Прозы он не любил никакой и всю ее считал как бы чем-то низшим в отношении поэзии, – так сказать, недоделанной поэзией. Русской же прозы он особенно терпеть не мог. Имен Льва Толстого и Чехова он не произносил никогда, о Тургеневе говорил с гадливостью, как о Надсоне. С некоторым уважением отзывался он только об «Огненном ангеле» Брюсова и повестях Сергея Ауслендера. Само собой разумеется, что всю прозу Горького он считал находящейся вне литературы. А стихи Горького очень его смешили. Помню, он не раз говорил нам на семинаре, что самая плохая строчка во всей мировой поэзии – строчка Горького из «Песни о соколе», состоящая только из односложных слов:
Михаил Федорович Ларионов:
Самой большой его страстью была восточная поэзия, и он собирал все, что этого касается [13; 102].
Эрих Федорович Голлербах:
Увлекался наркотиками. Однажды, попросил у меня трубку для курения опиума, потом раздобыл другую, «более удобную». Отравлялся дымом блаженного зелья. Многие смеялись над этими его «экспериментами» [21; 17].

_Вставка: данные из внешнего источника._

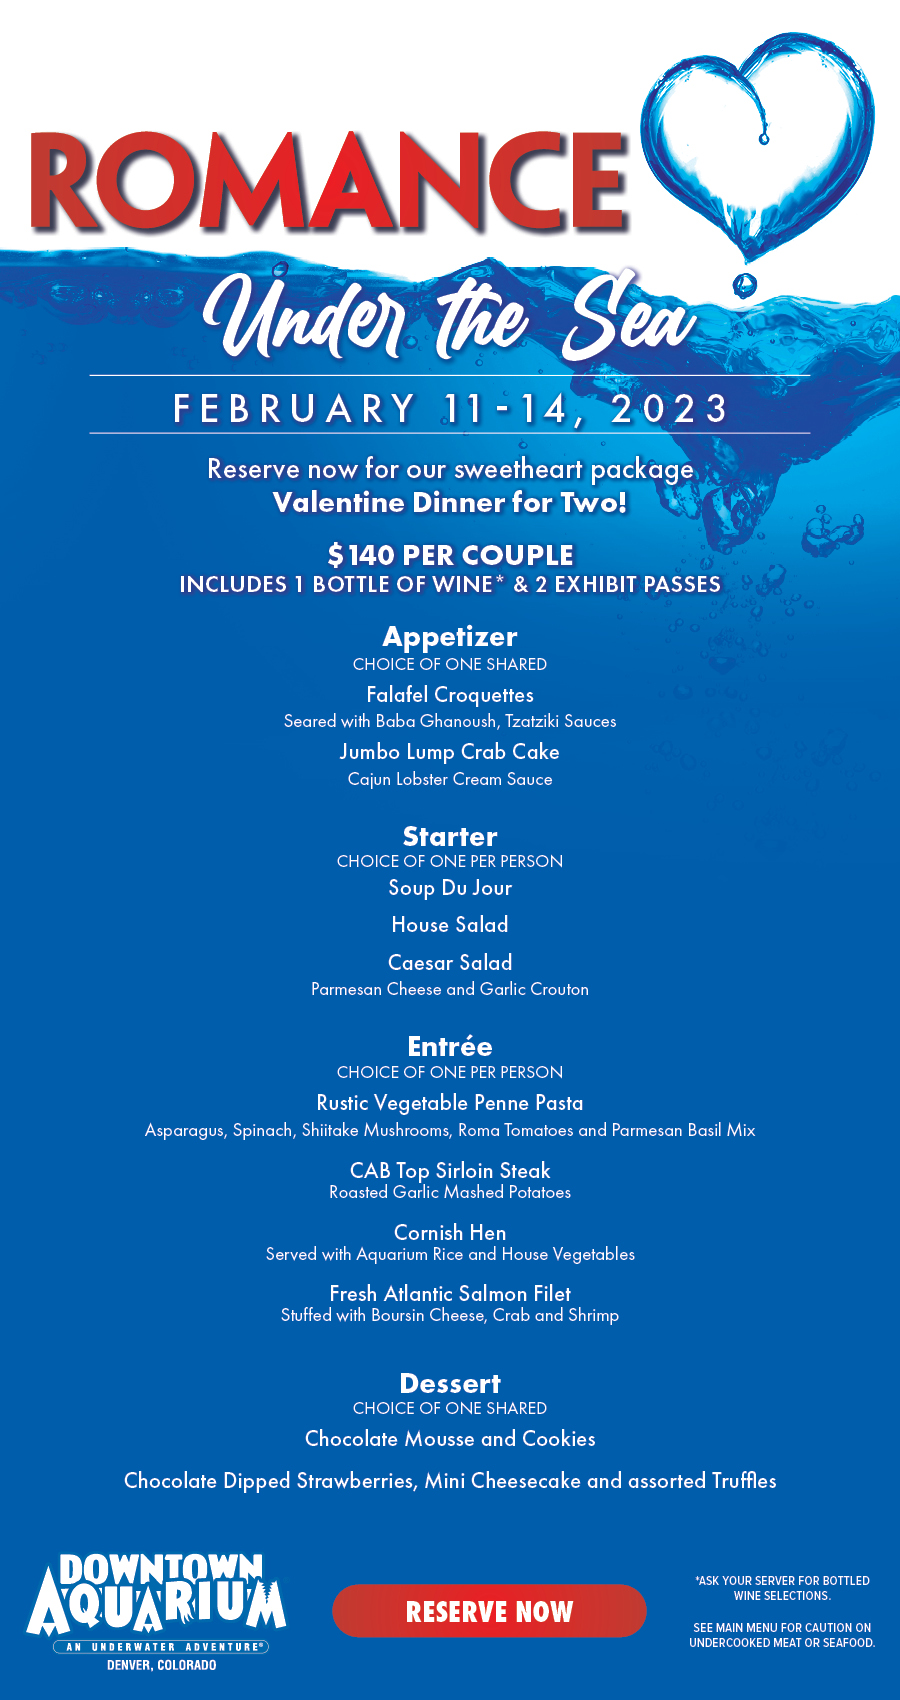 Downtown Aquarium - Romance Under The Sea - February 11th - 14th

Павел Николаевич Лукницкий. Из дневника 1926 г.:
Я говорю, вспоминая сообщения Зубовой, что благородство Николая Степановича и тут видно: он сам курил опиум, старался забыться, а Зубову в то же время пытался отучить от курения опиума, доказывая ей, что это может погубить человека.

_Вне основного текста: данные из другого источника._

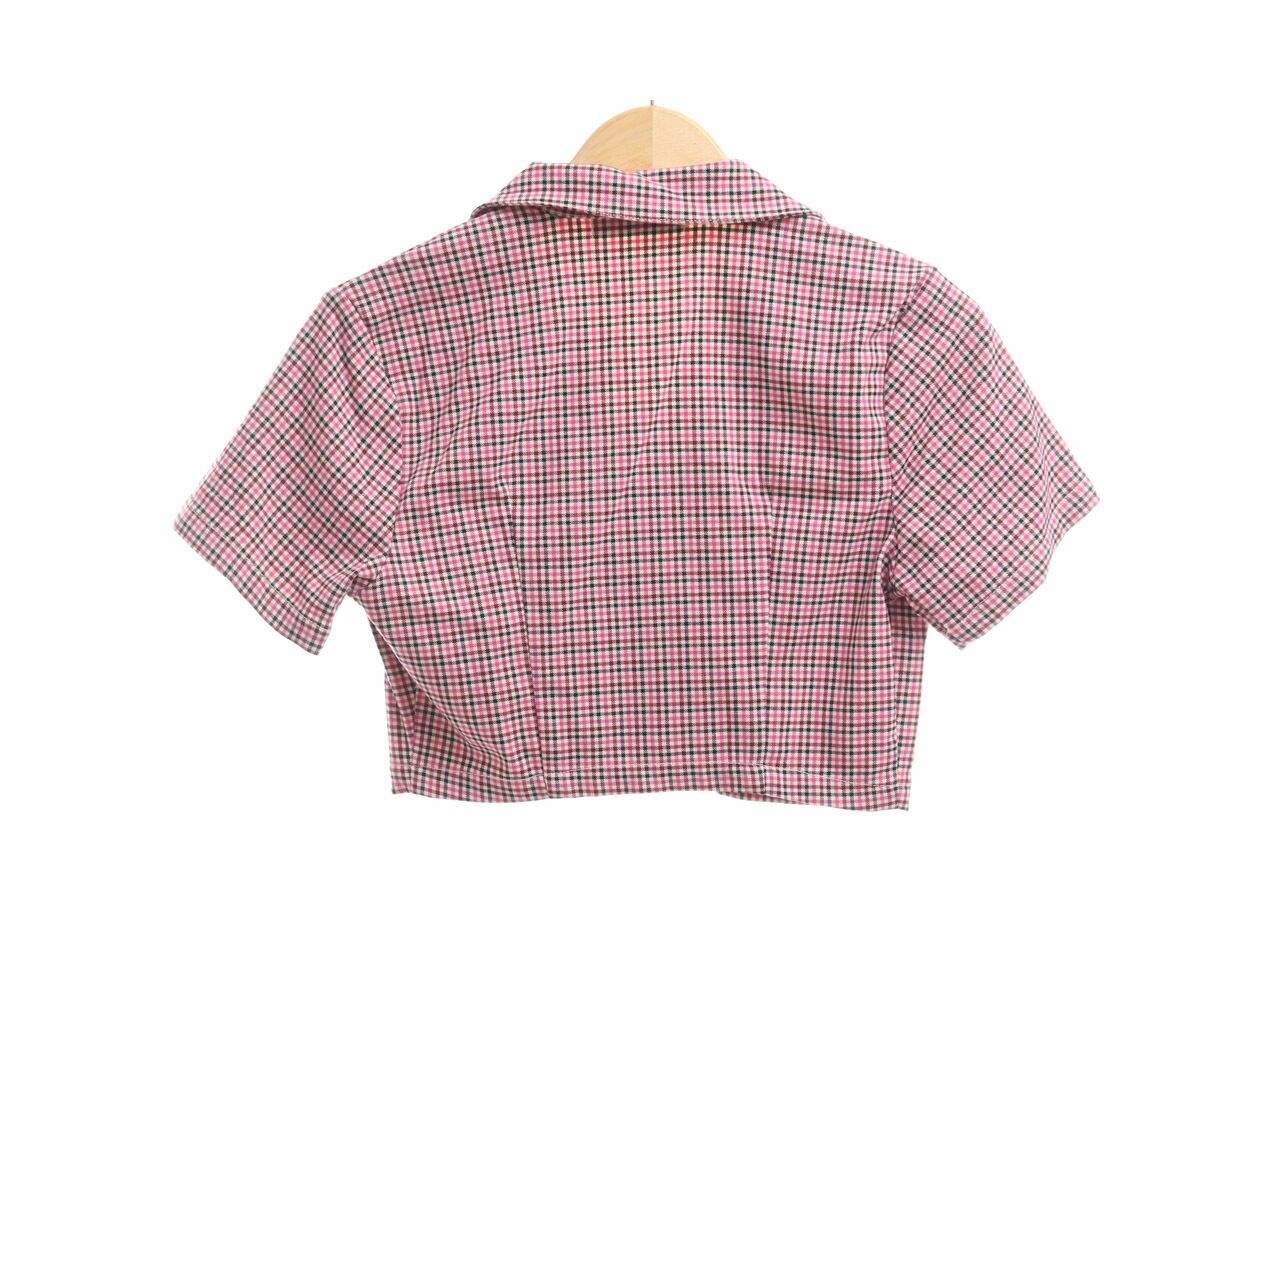 Brandy Melville Multi Crop Shirt

АА (Ахматова. – Сост.) по этому поводу сказала, что при ней Николай Степанович никогда, ни разу даже не упоминал ни об опиуме, ни о прочих таких слабостях и что, если б АА сделала бы что-нибудь такое, Николай Степанович немедленно и навсегда рассорился бы с нею. А между тем АА уверена, что еще когда Николай Степанович был с нею, он прибегал к этим снадобьям. <…>
АА задумчиво стала пояснять: «Жизнь была настолько тяжела, что Николаю Степановичу так трудно было, что вполне понятно его желание забыться…» [16; 163]
Юрий Павлович Анненков:
В том же году (1919 г. – Сост.) в Доме Искусств, на Мойке, поздним вечером Гумилев, говоря о «тяжелой бессмыслице революции», предложил мне «уйти в мир сновидений».
– У нашего Бориса (Б. Каплун), – сказал Гумилев, – имеется банка с эфиром, конфискованная у какого-то черного биржевика. Пойдем подышать снами?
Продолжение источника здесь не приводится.